▶ Assignment
The copy has to match the data exactly and leave out every picture.

▶ Given material
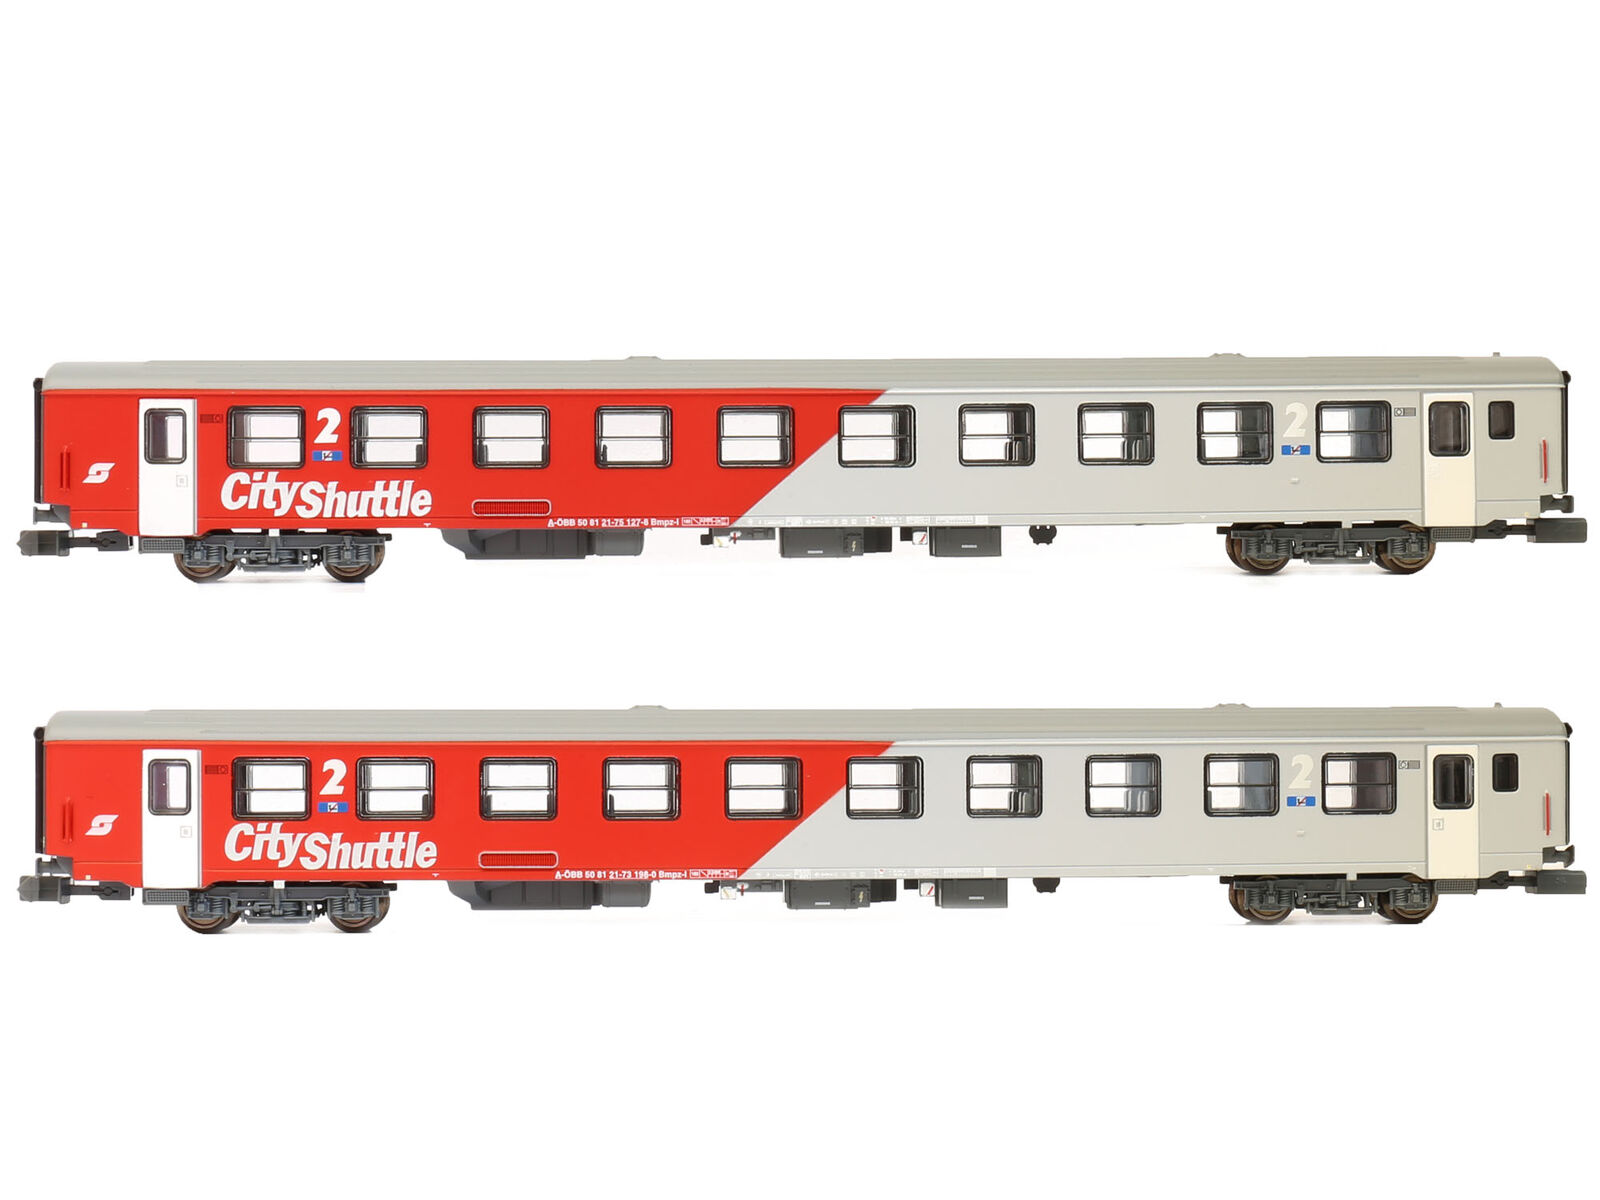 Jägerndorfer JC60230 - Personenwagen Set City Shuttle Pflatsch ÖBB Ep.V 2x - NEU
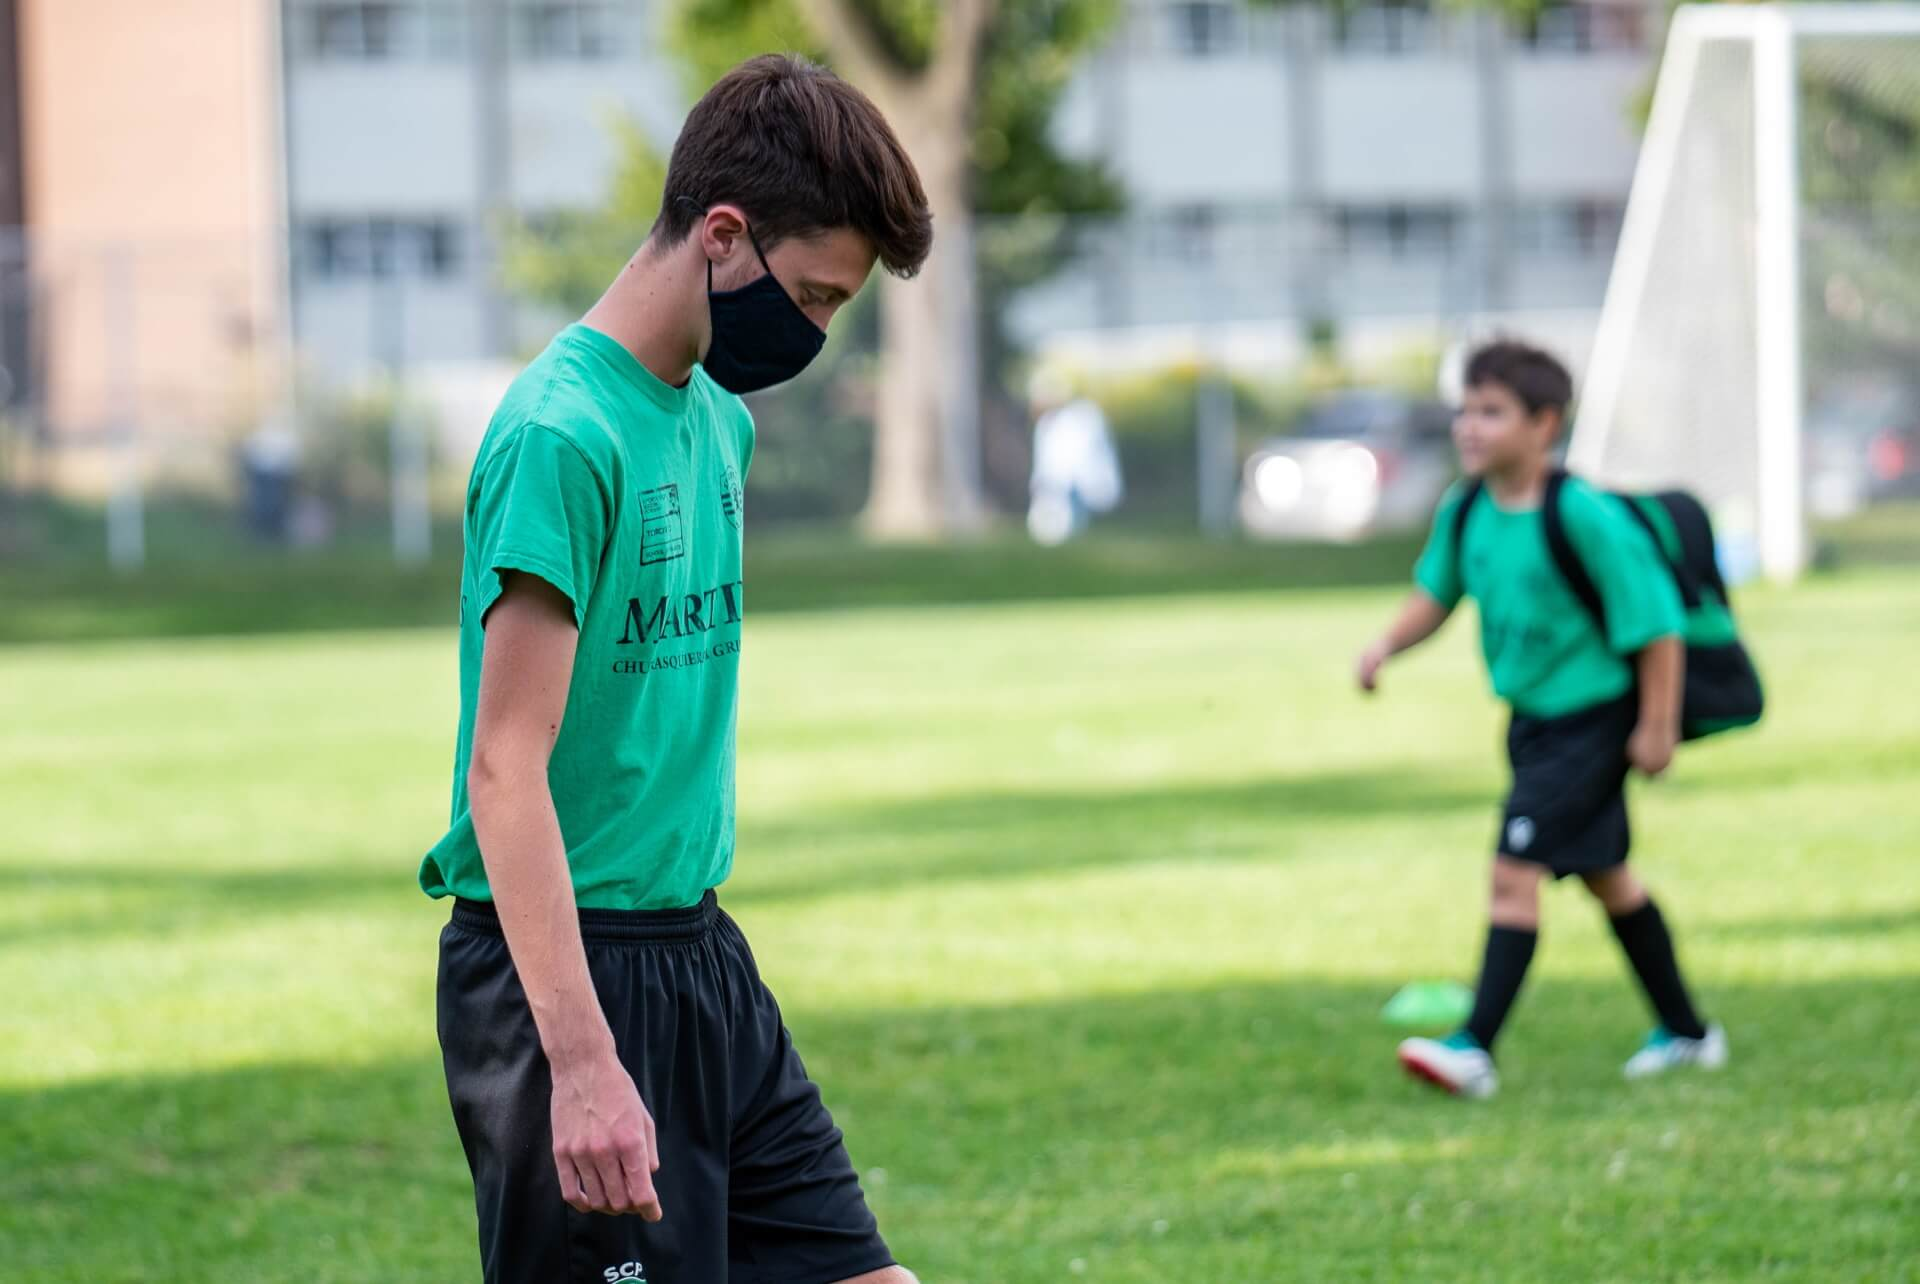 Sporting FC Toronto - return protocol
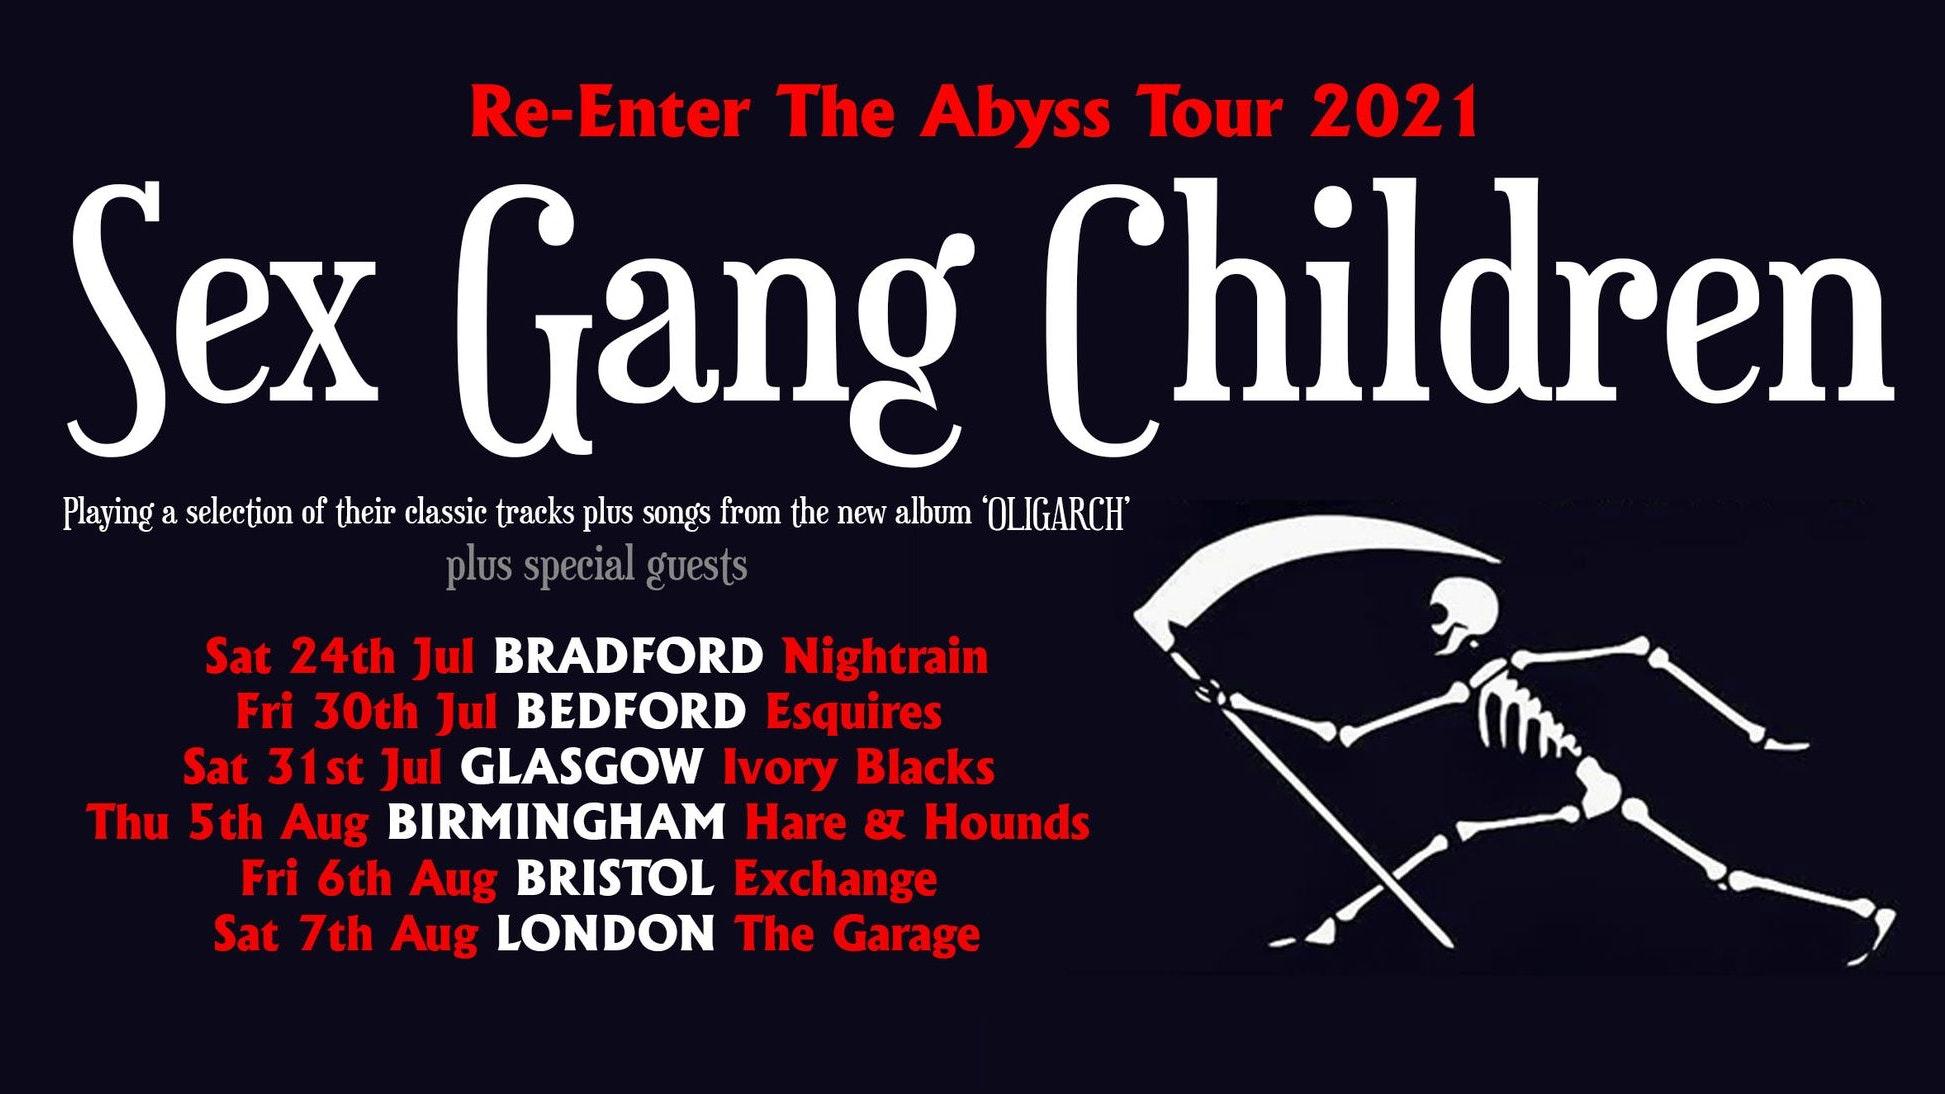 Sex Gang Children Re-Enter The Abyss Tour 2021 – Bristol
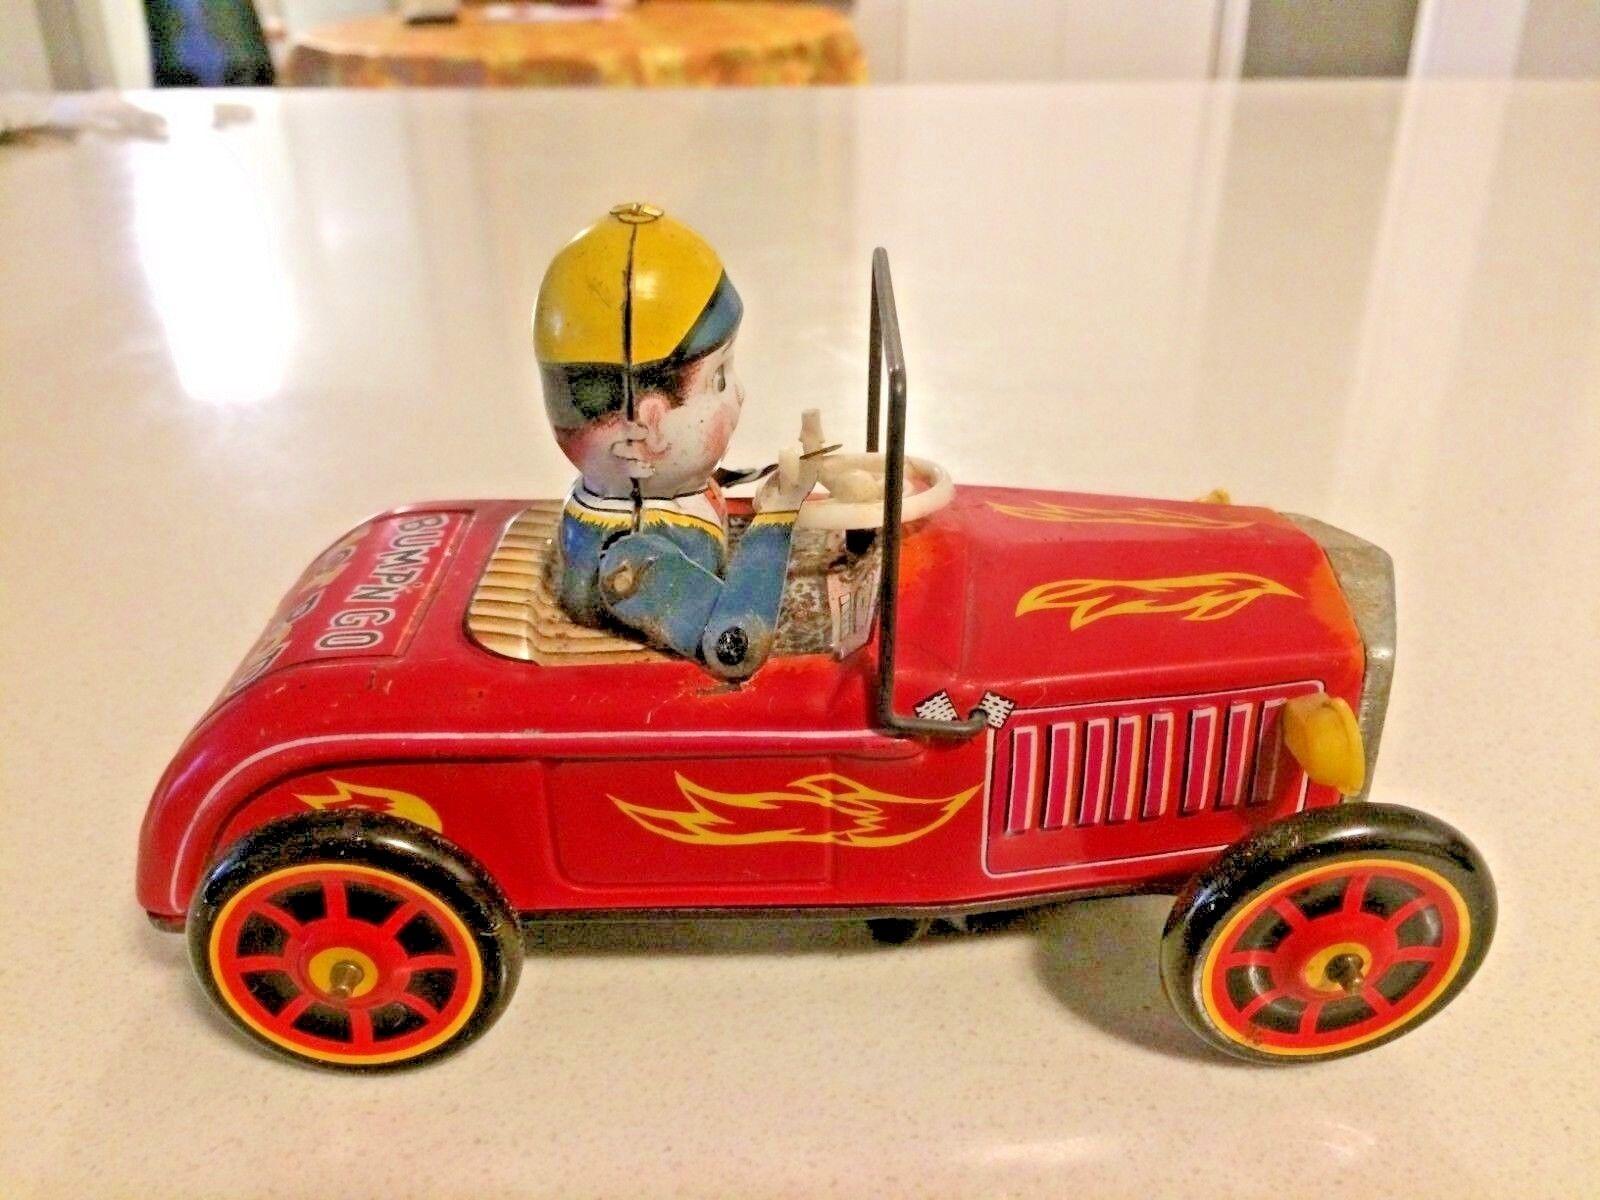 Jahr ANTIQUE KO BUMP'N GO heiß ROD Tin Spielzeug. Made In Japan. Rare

▶ Answer for this exercise
 Jägerndorfer JC60230 - Personenwagen Set City Shuttle Pflatsch ÖBB Ep.V 2x - NEU
 Sporting FC Toronto - return protocol
 Sex Gang Children Re-Enter The Abyss Tour 2021 – Bristol
 Jahr ANTIQUE KO BUMP'N GO heiß ROD Tin Spielzeug. Made In Japan. Rare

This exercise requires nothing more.